▸ EXERCISE BRIEF:
The listing below should be printed exactly, every line of it. Skip the pictures.

▸ DATA EXTRACT:

•••••

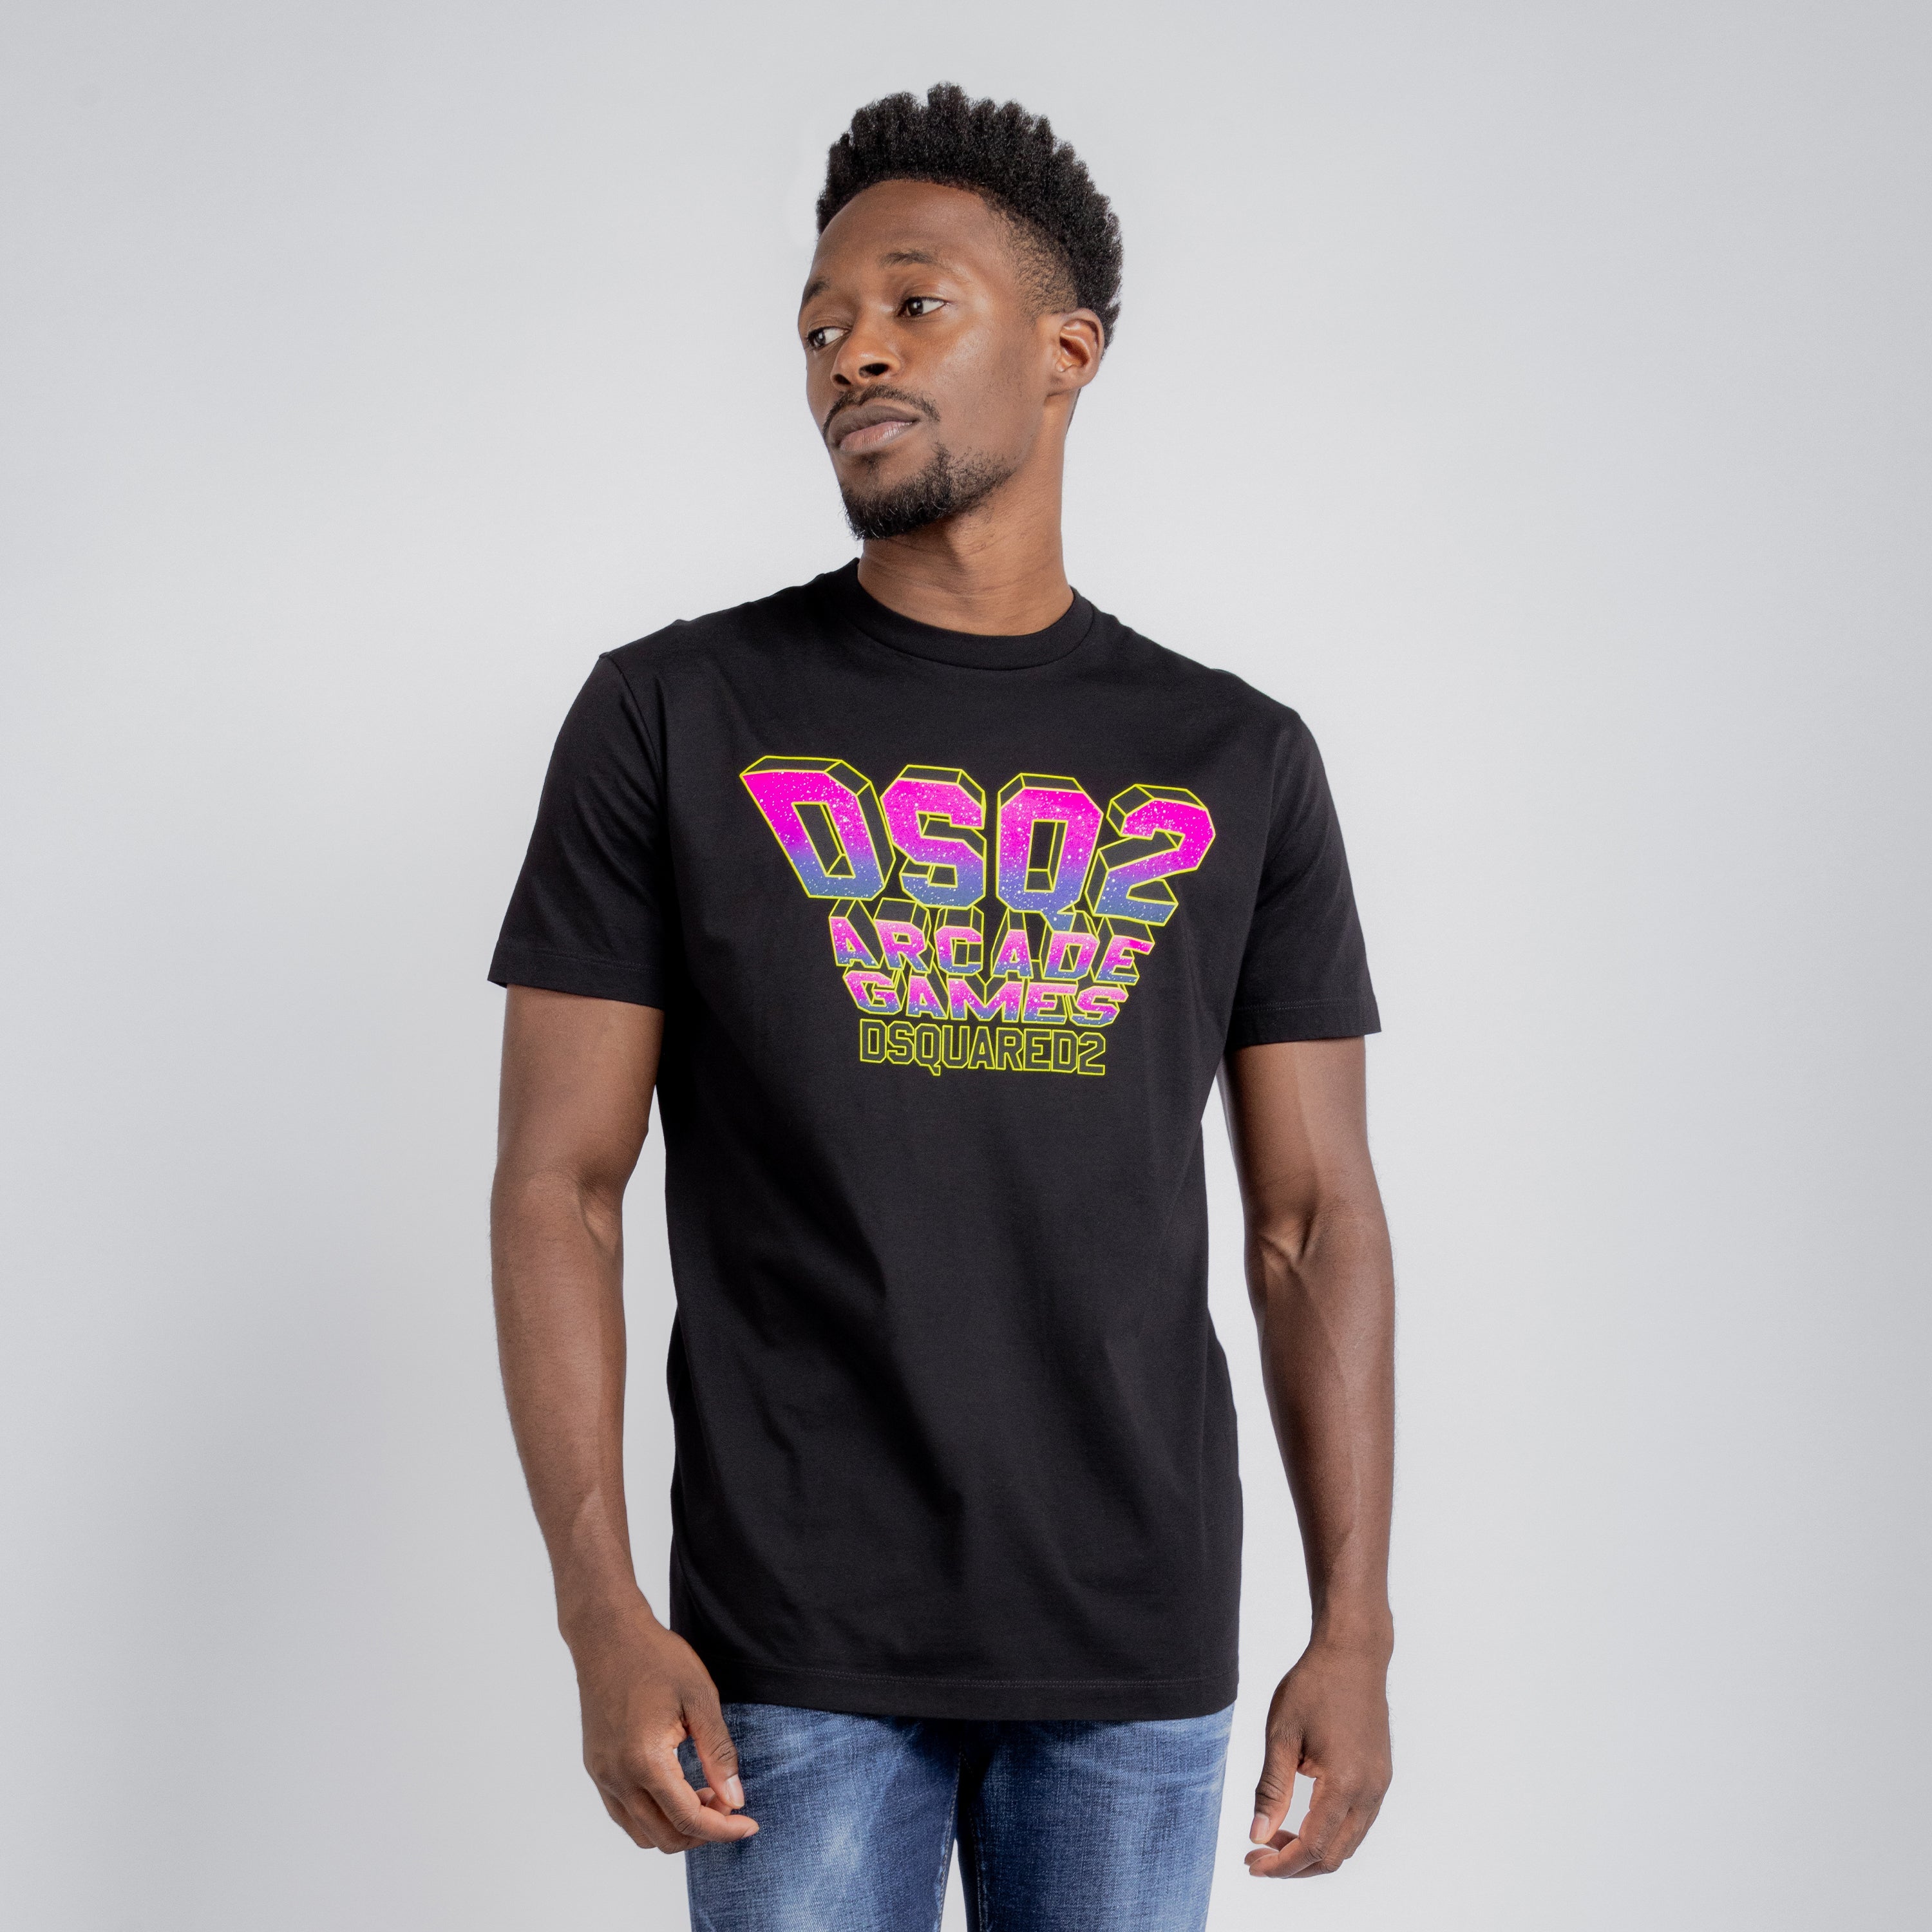 Camiseta Negra Dsquared2 Arcade Games
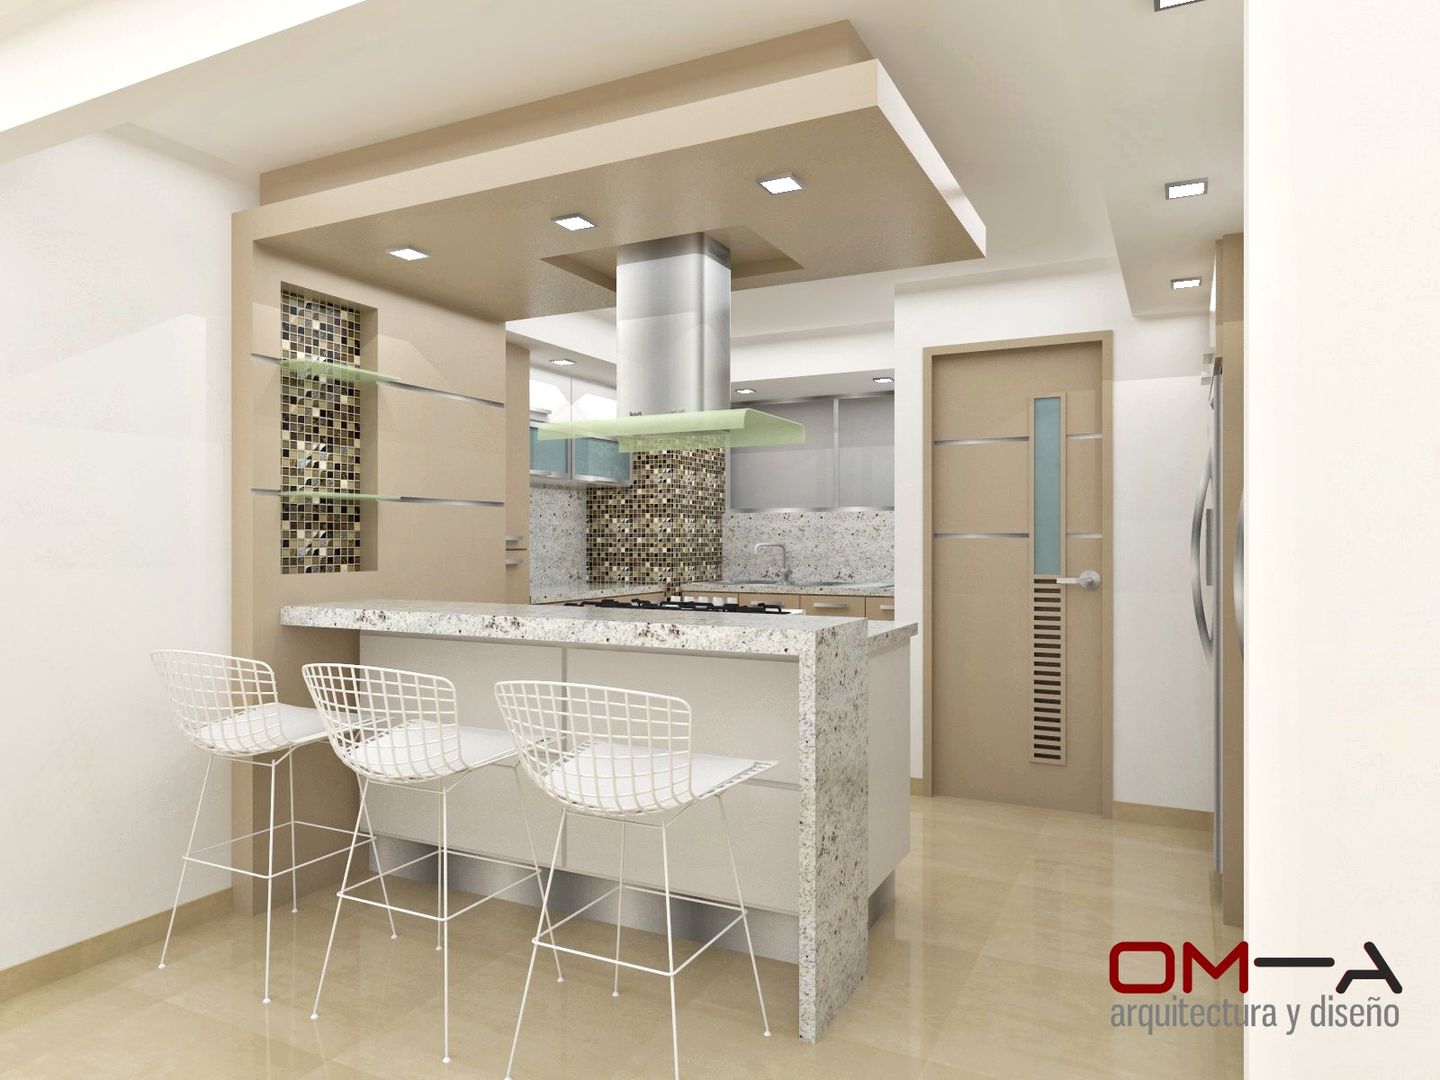 Diseño de cocina, om-a arquitectura y diseño om-a arquitectura y diseño Dapur Minimalis
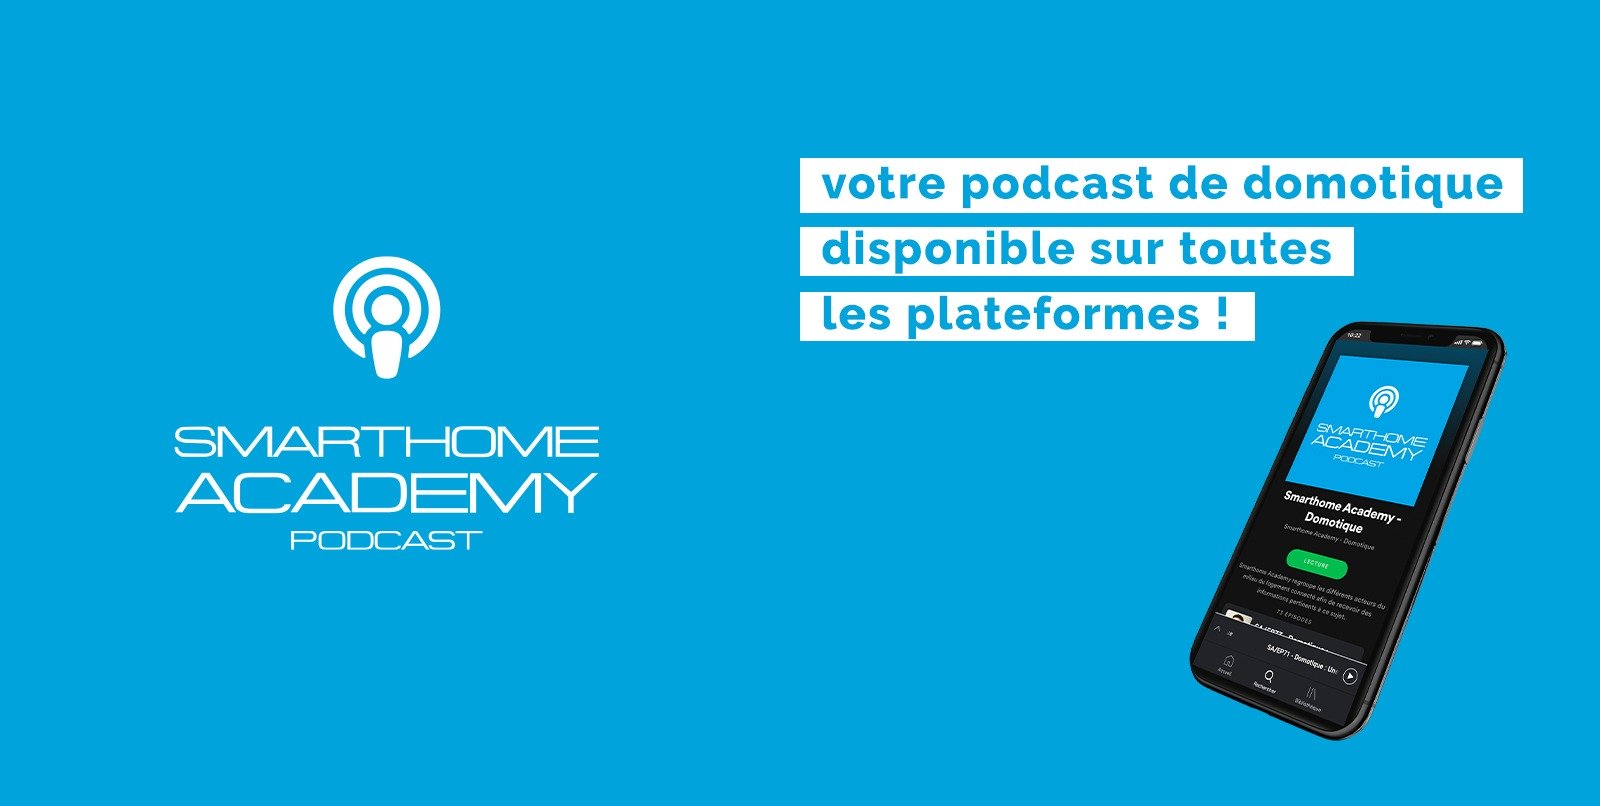 Écoutez votre podcast domotique Smarthome Academy partout !

•••••

▸ RESPONSE TO THIS TASK:
 Camiseta Negra Dsquared2 Arcade Games
 Diseño de cocina, om-a arquitectura y diseño om-a arquitectura y diseño Dapur Minimalis
 Écoutez votre podcast domotique Smarthome Academy partout !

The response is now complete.